• **Your task**: From the line that holds "Cach Trung Quoc" down to the last line of the listing below, reproduce each line exactly and nothing more, omitting pictures.

• **Data provided**:
────

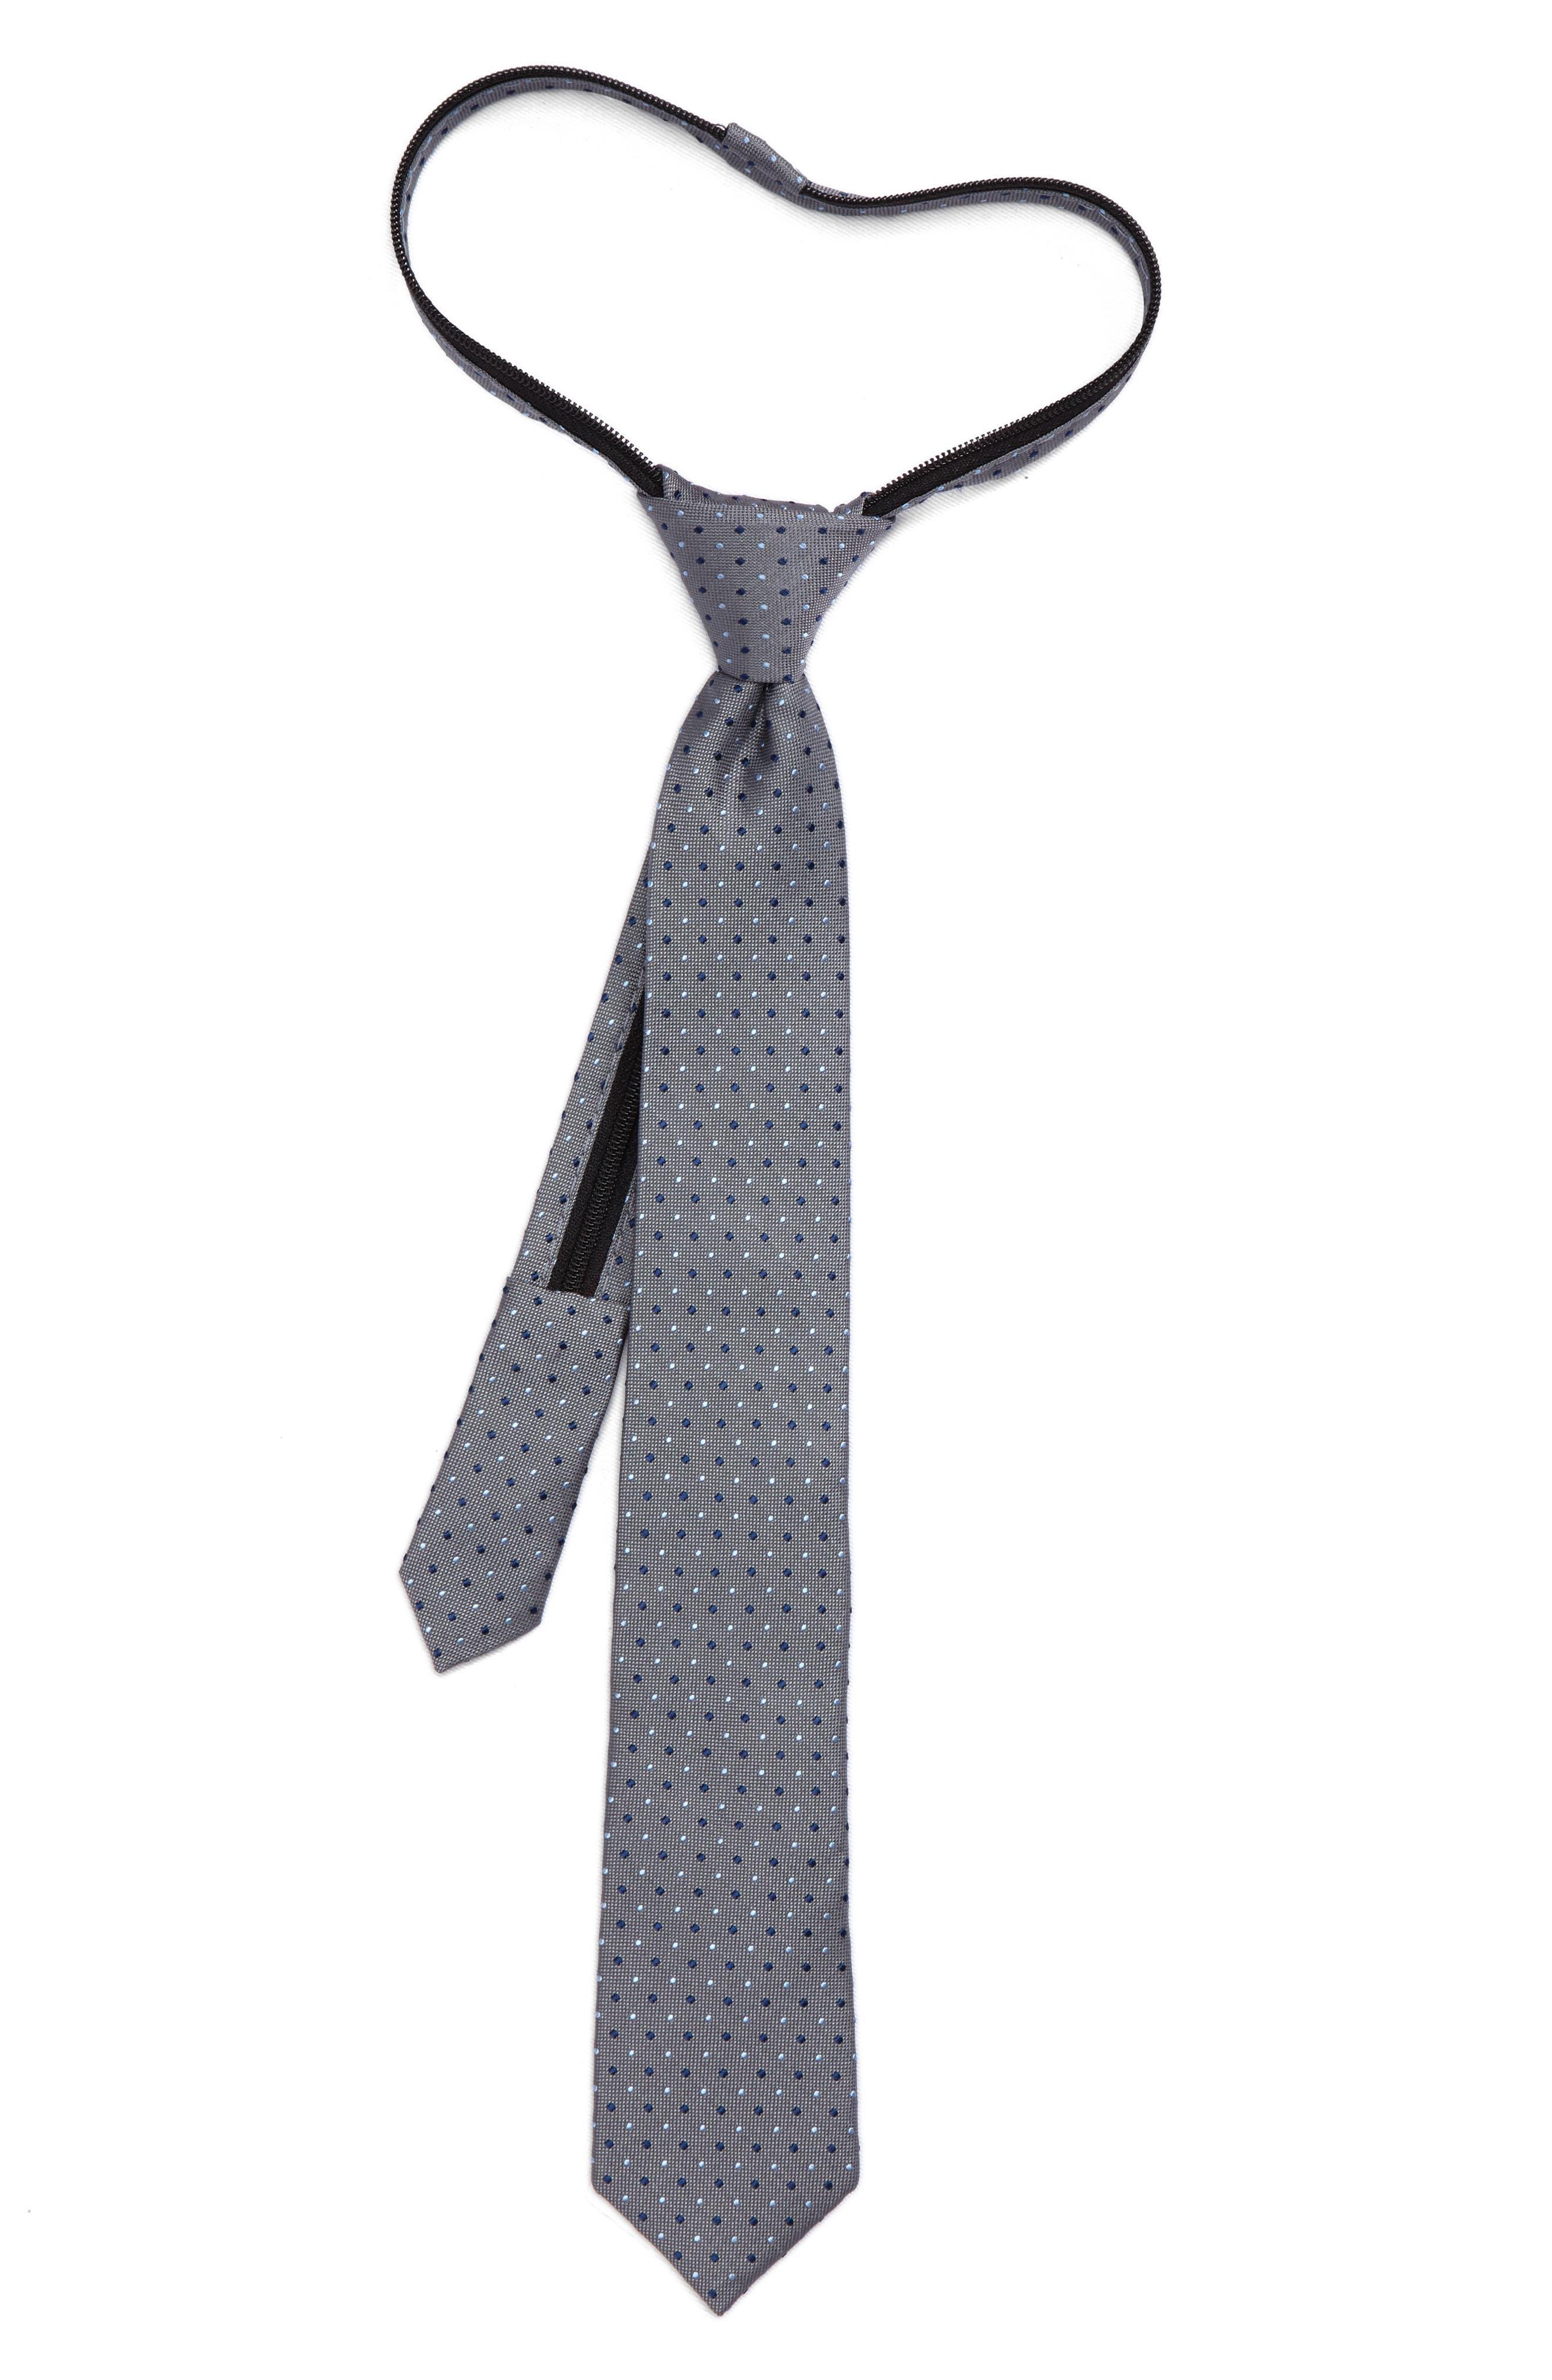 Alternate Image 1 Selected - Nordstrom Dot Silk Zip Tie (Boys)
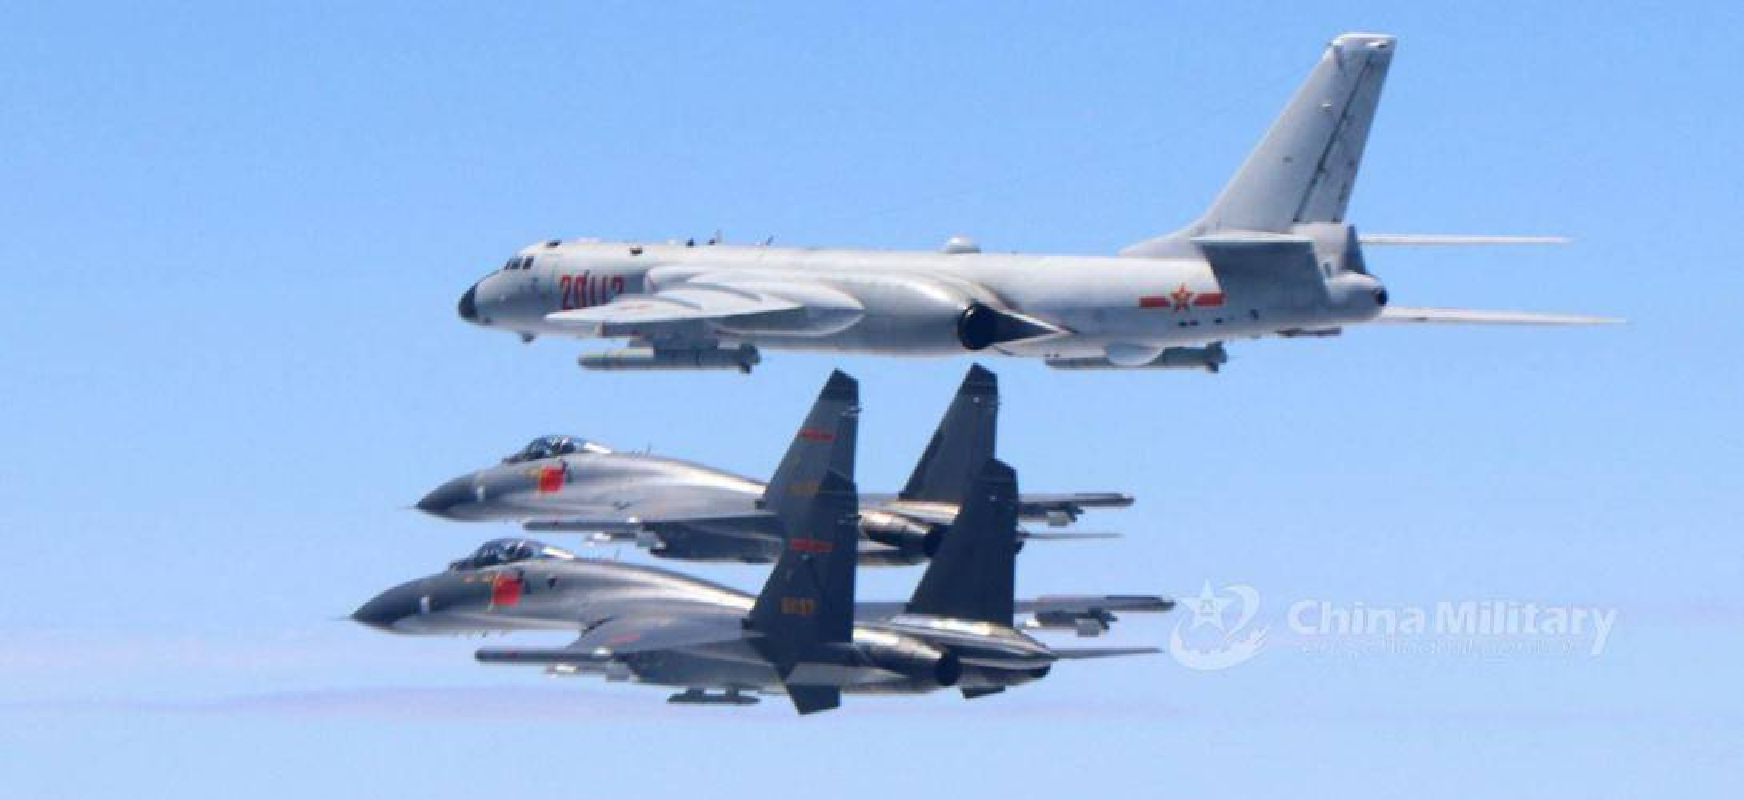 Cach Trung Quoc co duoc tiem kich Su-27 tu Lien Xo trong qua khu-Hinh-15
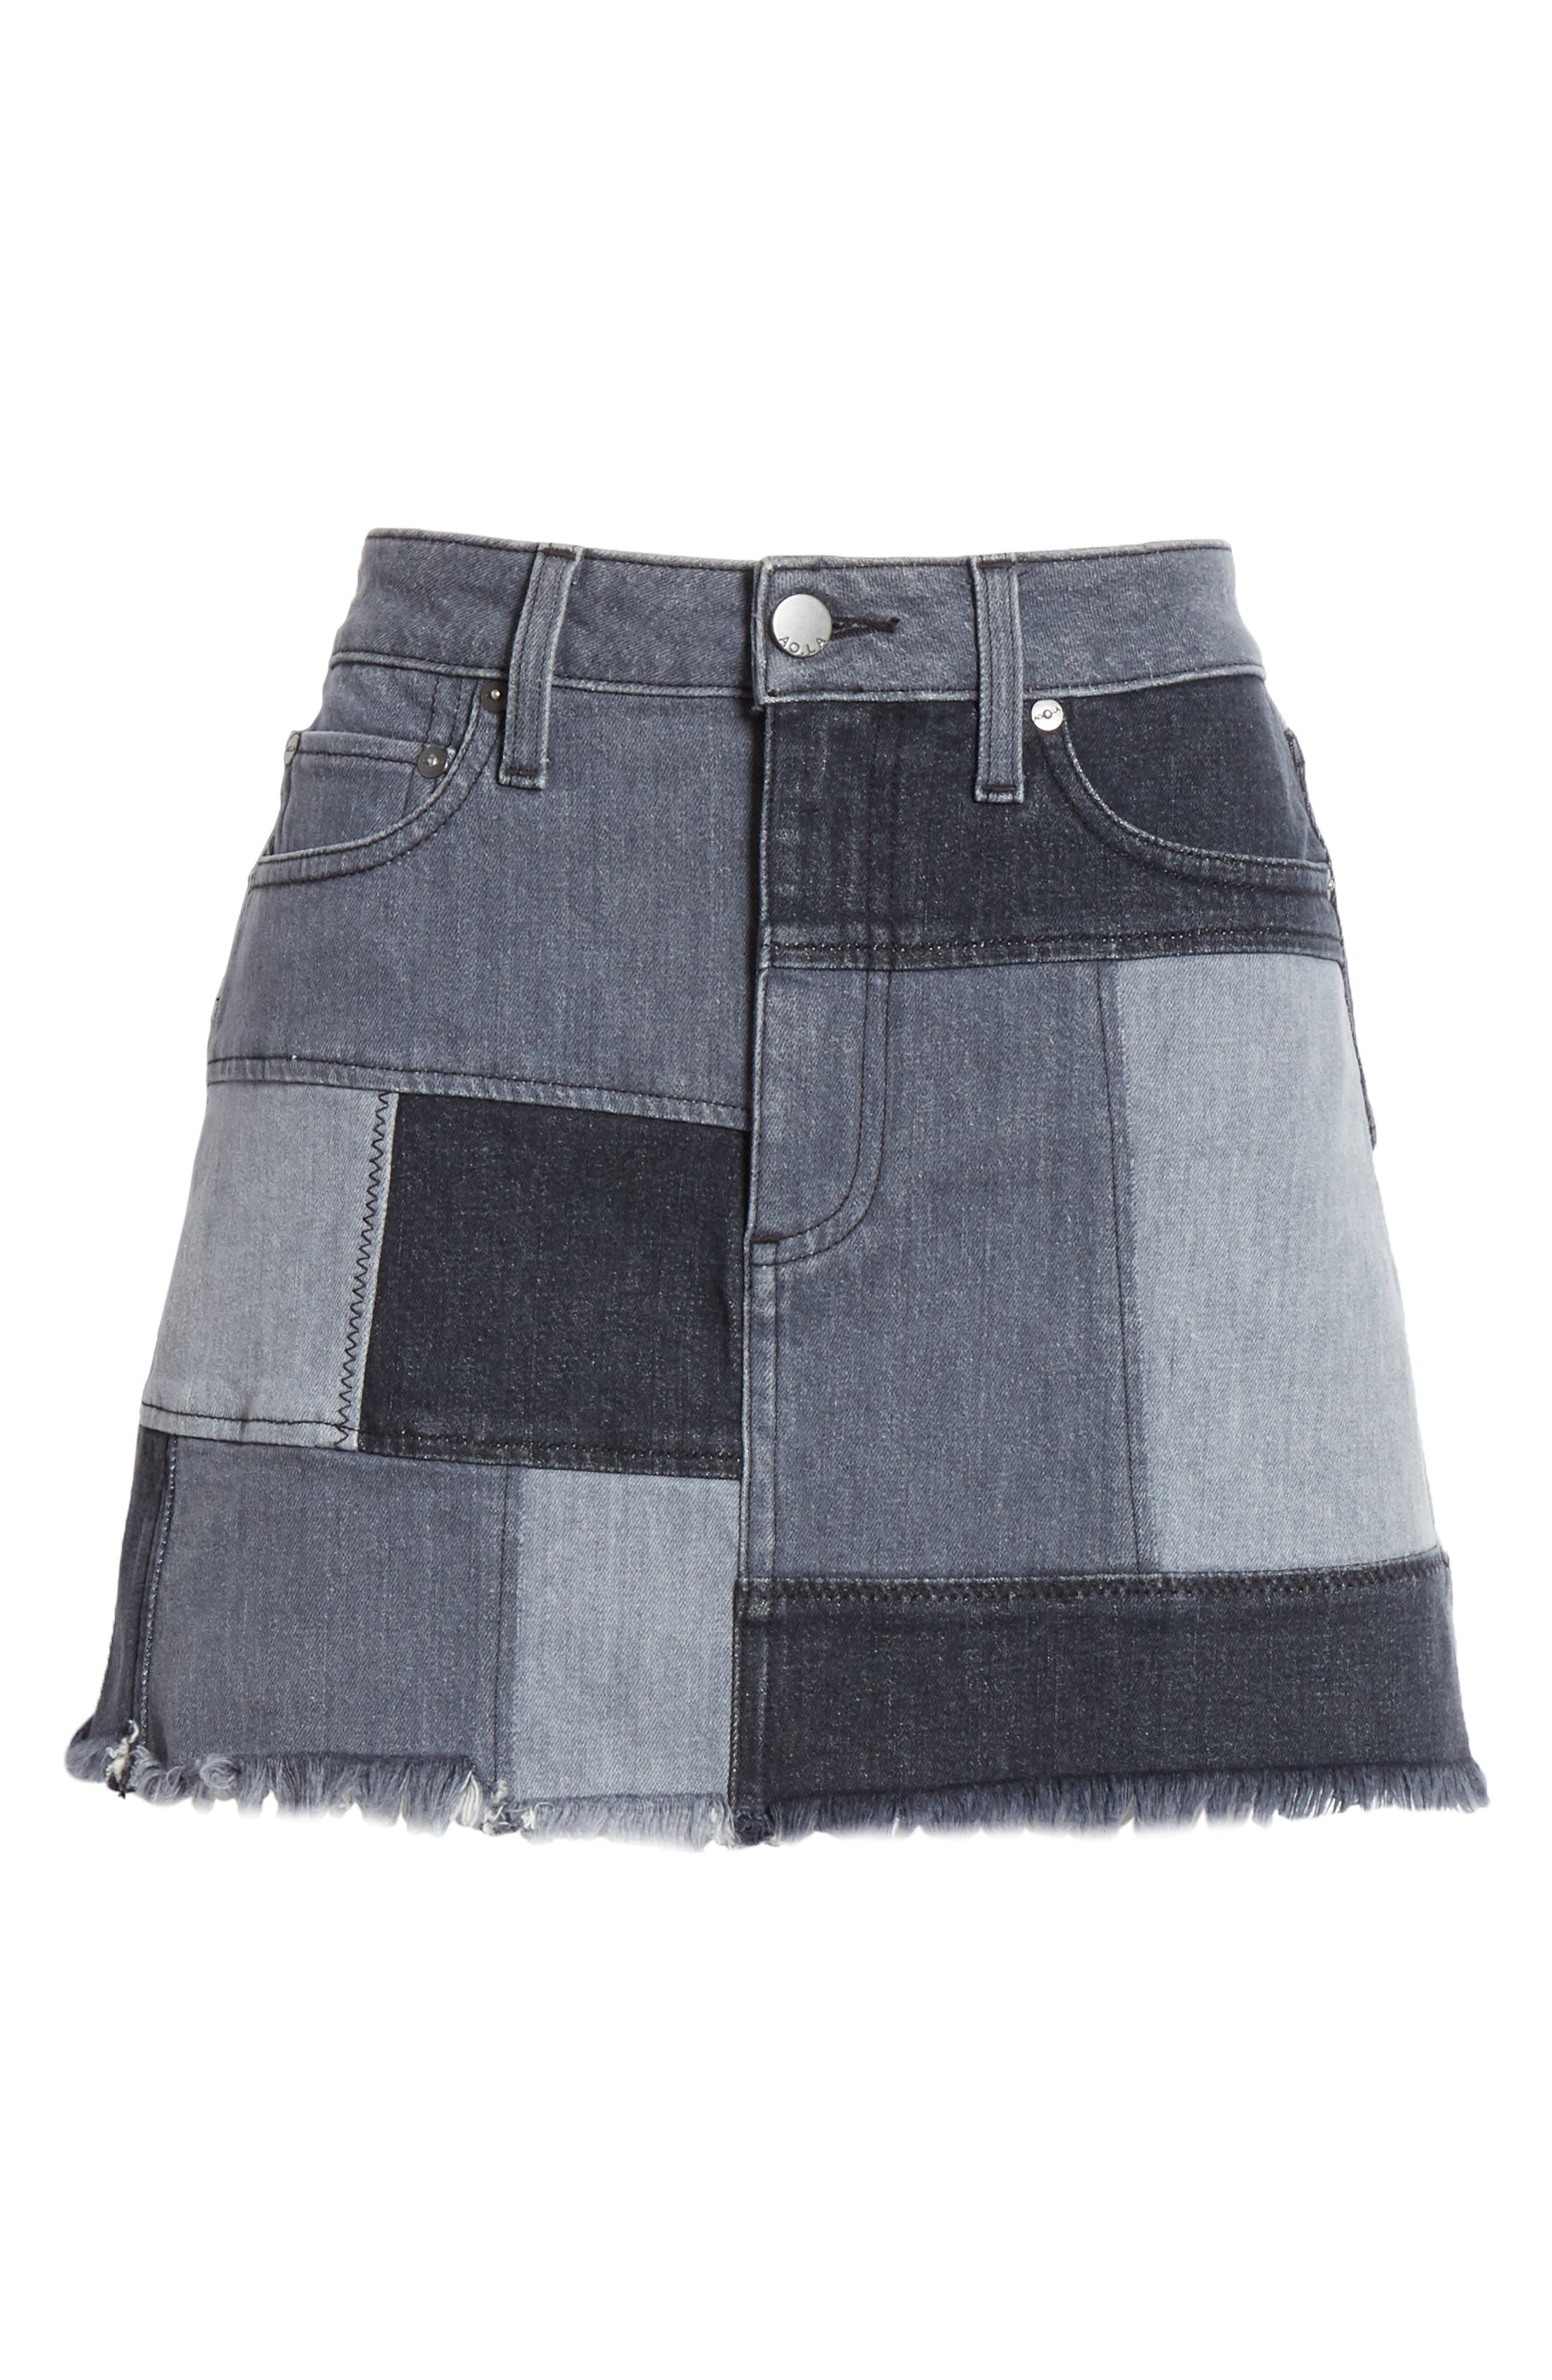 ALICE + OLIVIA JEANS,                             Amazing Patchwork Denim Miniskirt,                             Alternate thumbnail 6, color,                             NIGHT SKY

────

• **Finished exercise**:
 Cach Trung Quoc co duoc tiem kich Su-27 tu Lien Xo trong qua khu-Hinh-15
 ALICE + OLIVIA JEANS,                             Amazing Patchwork Denim Miniskirt,                             Alternate thumbnail 6, color,                             NIGHT SKY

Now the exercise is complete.